4. Production Architecture: The system is built for operational use, featuring incremental updates to incorporate new tickets and leveraging HPC resources for batch processing of the embedding workload.

This work is a concrete example of moving RAG from a conceptual framework to a deployed, mission-critical application, a trend noted in the broader AI community. It tackles real-world challenges of legacy data silos and noisy, multilingual text.

Retail & Luxury Implications

While FRAGATA is built for high-performance computing support, its underlying architecture is directly applicable to a critical, yet often overlooked, function in retail and luxury: customer service and internal knowledge management.

Every major brand and retailer sits on decades of unstructured data that mirrors the HPC ticket corpus:

• Customer Service Tickets: Historical records from CRM systems like Salesforce Service Cloud or Zendesk, containing queries about product defects, sizing, care instructions, and policy clarifications.
• Internal IT & Operations Logs: Tickets for POS system failures, warehouse management issues, or e-commerce platform bugs.
• Employee Knowledge Bases: Manually curated FAQs, training documents, and process guides that become outdated and difficult to search.

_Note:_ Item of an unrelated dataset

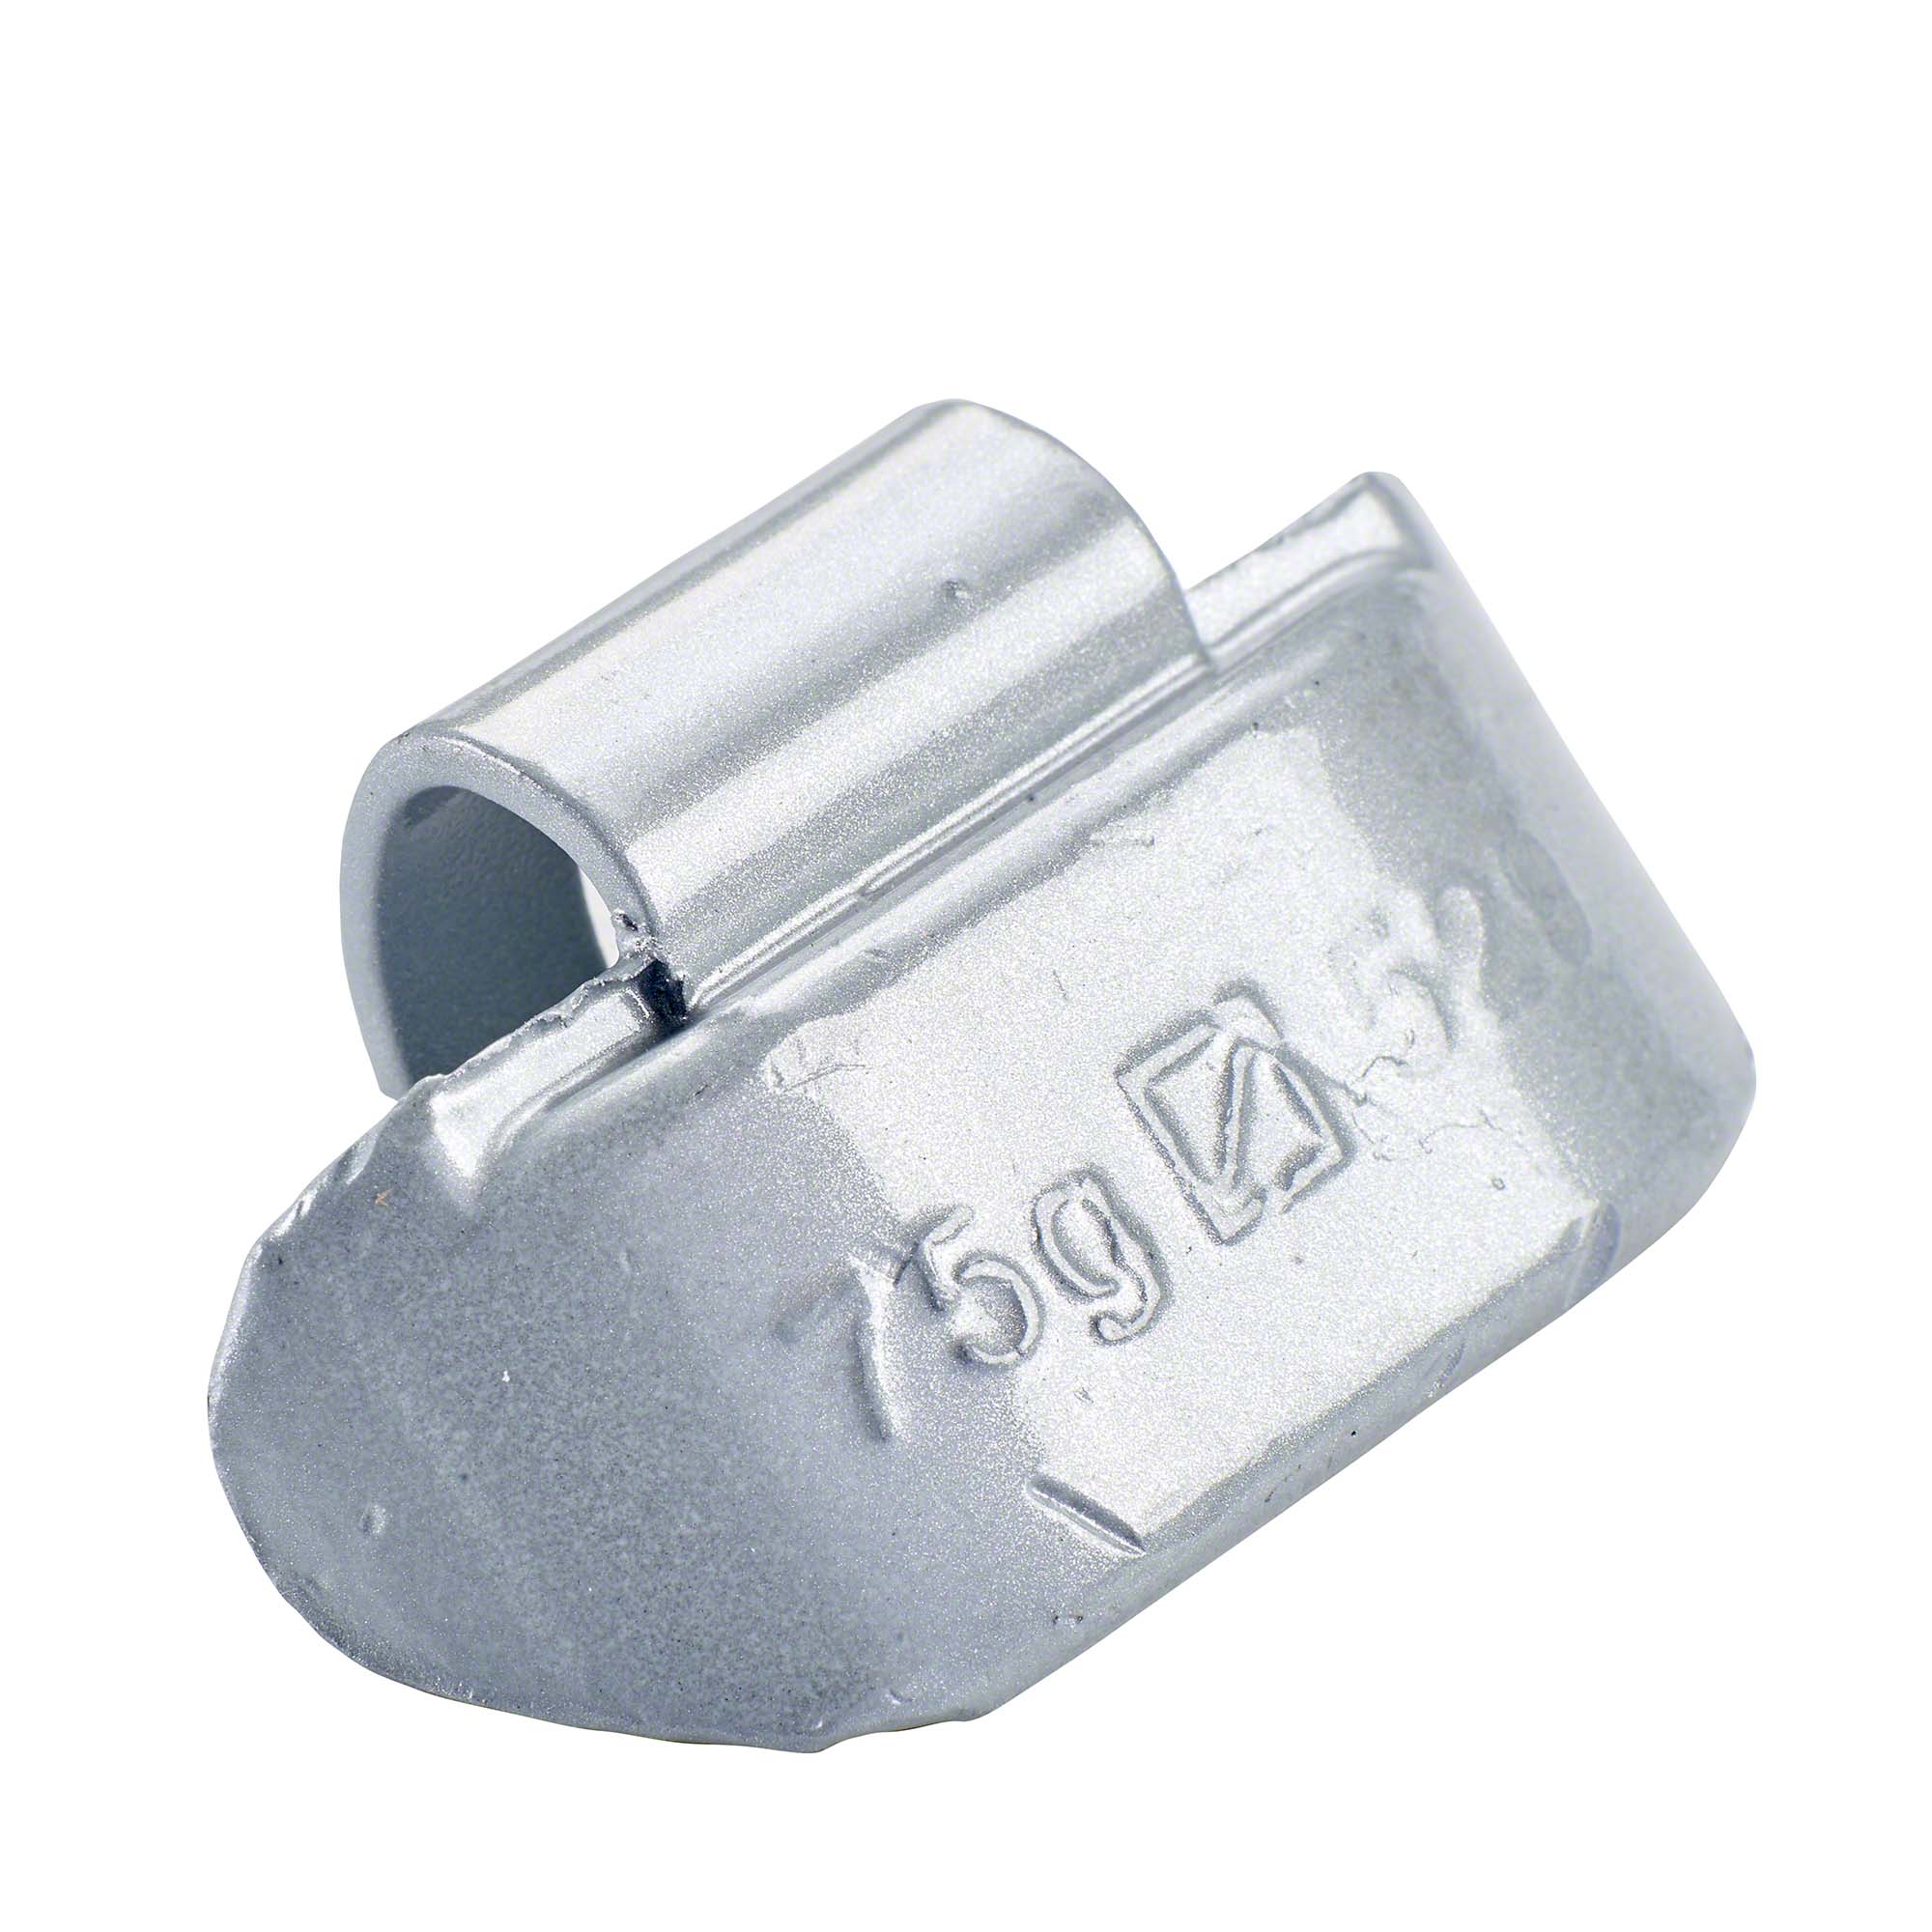 peso a molla - Typ 529, 75 g, piombo, argento

A FRAGATA-like system could transform these archives from passive records into active intelligence. A customer service agent facing a novel complaint about a sustainable material's care could instantly surface all related past cases and resolutions. A retail operations manager troubleshooting a new inventory sync error could find similar incidents from five years prior. The ability to search semantically—by problem intent rather than exact keywords—dramatically reduces mean time to resolution (MTTR) and prevents knowledge loss from staff turnover.

The technical requirements—vector databases, embedding models, and orchestration frameworks—are now commodity components. The primary challenge for retail would be the data engineering effort to unify and clean historical data from disparate legacy systems, a task analogous to what the CESGA team undertook with their RT history.